Les perspectives à moyen terme ajoutent encore de la complexité à l’équation des prix du café. Le Service de l’agriculture étrangère de l’USDA prévoit que la production mondiale de café pour 2025/26 atteindra un record de 178,848 millions de sacs, en hausse de 2,0 % par rapport à l’année précédente. Cependant, cet ensemble masque des tendances divergentes : la production d’arabica devrait diminuer de 4,7 %, à 95,515 millions de sacs, tandis que le robusta s’étendra de 10,9 %, à 83,333 millions de sacs. La production de café du Brésil pour 2025/26 devrait diminuer de 3,1 %, à 63 millions de sacs, tandis que celle du Vietnam grimpe de 6,2 %, atteignant un sommet en 4 ans à 30,8 millions de sacs.

L’estimation de Conab en décembre indiquait une abondance similaire, portant la prévision de la production totale du Brésil pour 2025 à 56,54 millions de sacs, en hausse de 2,4 %. Ces estimations de production en hausse ont pesé sur le sentiment à long terme concernant les prix du café, car des approvisionnements abondants tout au long de la période de projection laissaient peu de place à une hausse significative au-delà des mouvements tactiques à court terme.
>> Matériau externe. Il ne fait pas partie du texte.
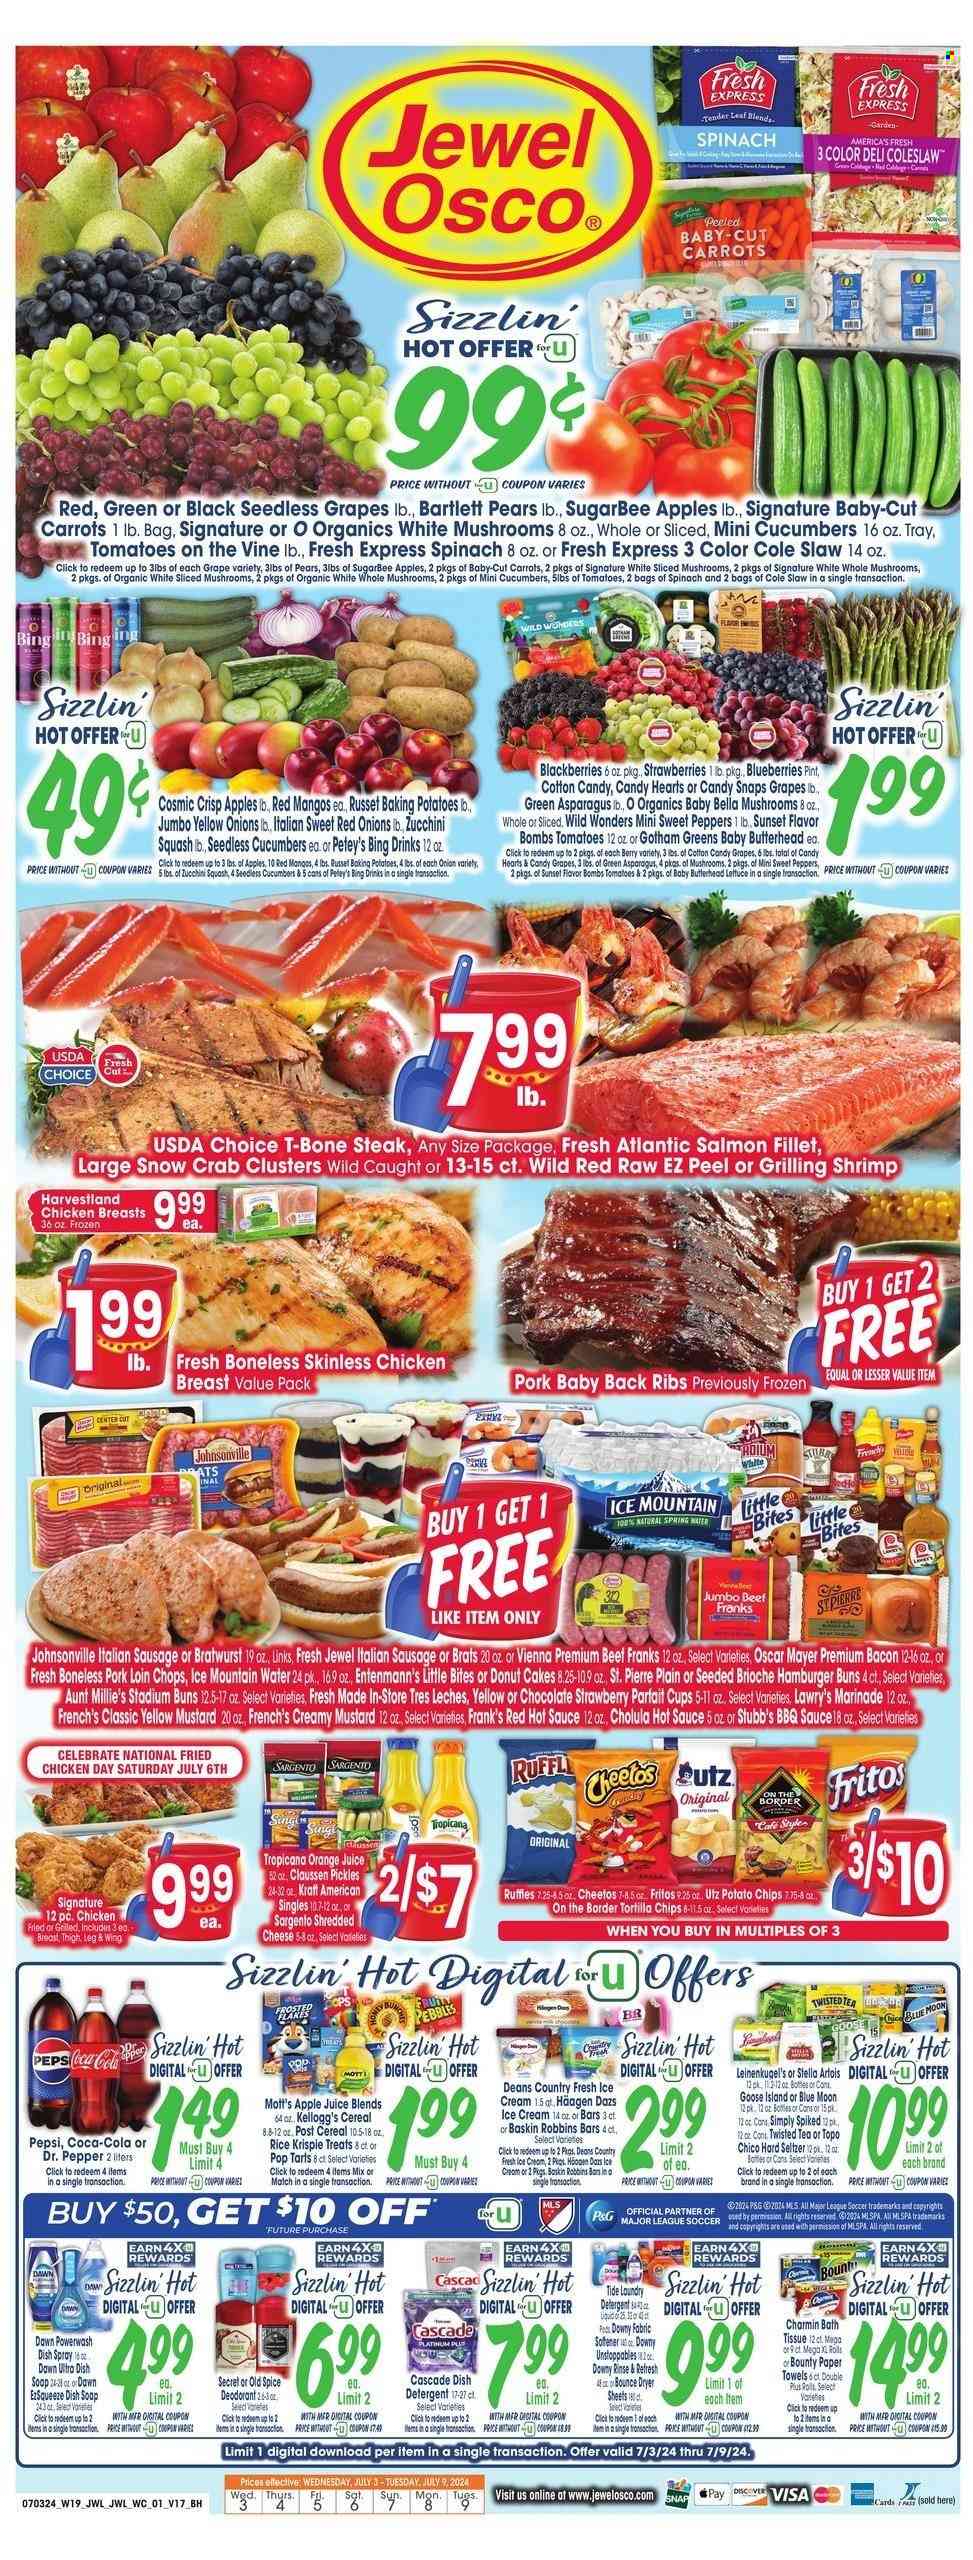 thumbnail - Jewel Osco Flyer - 07/03/2024 - 07/09/2024 - Sales products - mushrooms, baby bella mushrooms, cake, muffin, burger buns, brioche, donut, Entenmann's, dessert, rice squares, asparagus, cabbage, carrots, coleslaw, red onions, russet potatoes, sweet peppers, zucchini, peppers, butterhead lettuce, Bartlett pears, blackberries, seedless grapes, strawberries, Mott's, fish fillets, salmon, salmon fillet, seafood, crab, shrimps, crab clusters, fried chicken, Kraft®, ready meal, chicken breasts, Johnsonville, Oscar Mayer, bratwurst, italian sausage, frankfurters, shredded cheese, sliced cheese, cheese, Kraft Singles, Sargento, ice cream, Häagen-Dazs, Bounty, Kellogg's, Pop-Tarts, Little Bites, Fritos, tortilla chips, potato chips, Cheetos, Ruffles, salty snack, pickles, pickled vegetables, cereals, crispy rice bar, BBQ sauce, mustard, hot sauce, marinade, sauce, apple juice, Coca-Cola, lemonade, Pepsi, orange juice, juice, ice tea, Dr. Pepper, soft drink, spring water, Ice Mountain, water, carbonated soft drink, Hard Seltzer, Stella Artois, Topo Chico, beef meat, beef steak, t-bone steak, steak, ribs, pork chops, pork loin, pork meat, pork ribs, pork back ribs, bath tissue, kitchen towels, paper towels, Charmin, detergent, Cascade, Tide, fabric softener, laundry detergent, Bounce, dryer sheets, scent booster, Downy Laundry, dishwashing liquid, dishwasher tablets, Old Spice, deodorant, Leinenkugel's, Blue Moon, Twisted Tea. Page 1.
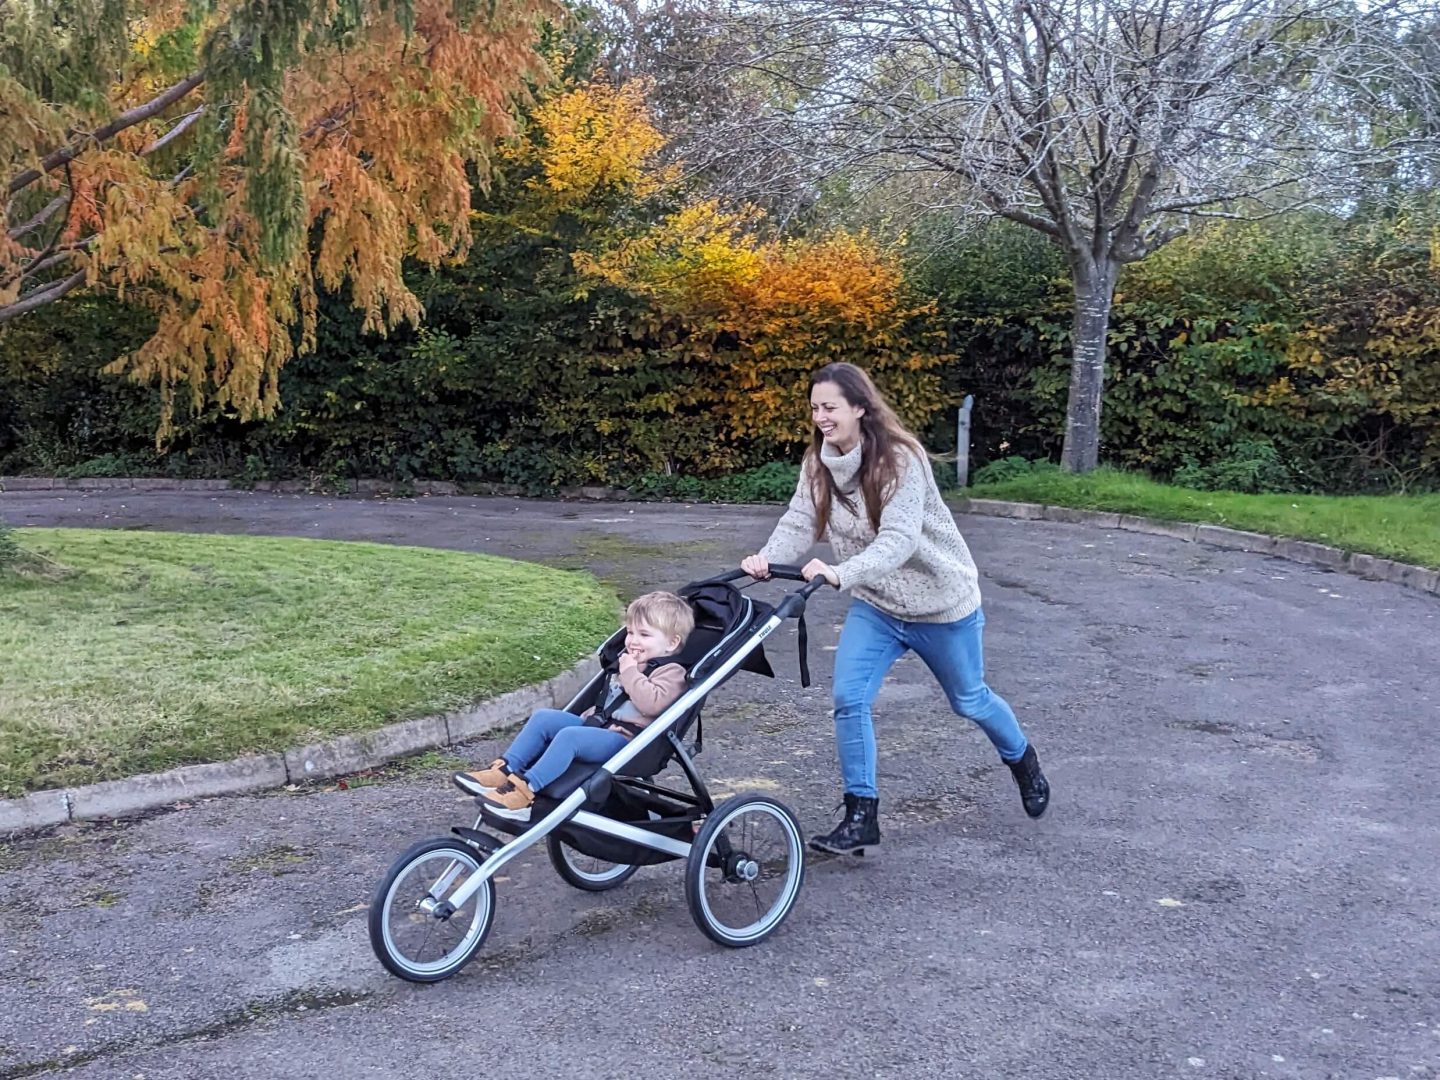 Natalie running around a road roundabout pushing a running buggy with her nephew in, both are smiling and trees in the background have red and orange autumn leaves

La dynamique des exportations mondiales invite à la prudence

Le rapport de novembre de l’Organisation internationale du café a révélé que les exportations mondiales de café pour l’année de commercialisation en cours ont diminué de seulement 0,3 % en glissement annuel, à 138,658 millions de sacs, témoignant d’une activité d’expédition résiliente malgré la tension du marché. L’USDA a également averti que les stocks de fin de 2025/26 ne diminueront que de 5,4 %, à 20,148 millions de sacs, contre 21,307 millions de sacs en 2024/25, suggérant que la marge de manœuvre du marché face aux perturbations d’approvisionnement reste suffisante.

Perspectives sur les prix du café : équilibrer facteurs à court terme et structurels

La divergence entre la vigueur à court terme et les vents contraires à plus long terme crée un environnement incertain pour les prix du café. La faiblesse du dollar et les préoccupations concernant l’offre brésilienne ont apporté un soutien à court terme, mais l’accumulation de surplus de production — notamment le boom du robusta vietnamien — a limité l’enthousiasme. Pour les traders évoluant sur les marchés du café, le défi consiste à distinguer les rebonds tactiques des tendances structurelles alors que le marché absorbe des signaux concurrents issus des prévisions d’offre, des modèles de stocks et de la dynamique monétaire.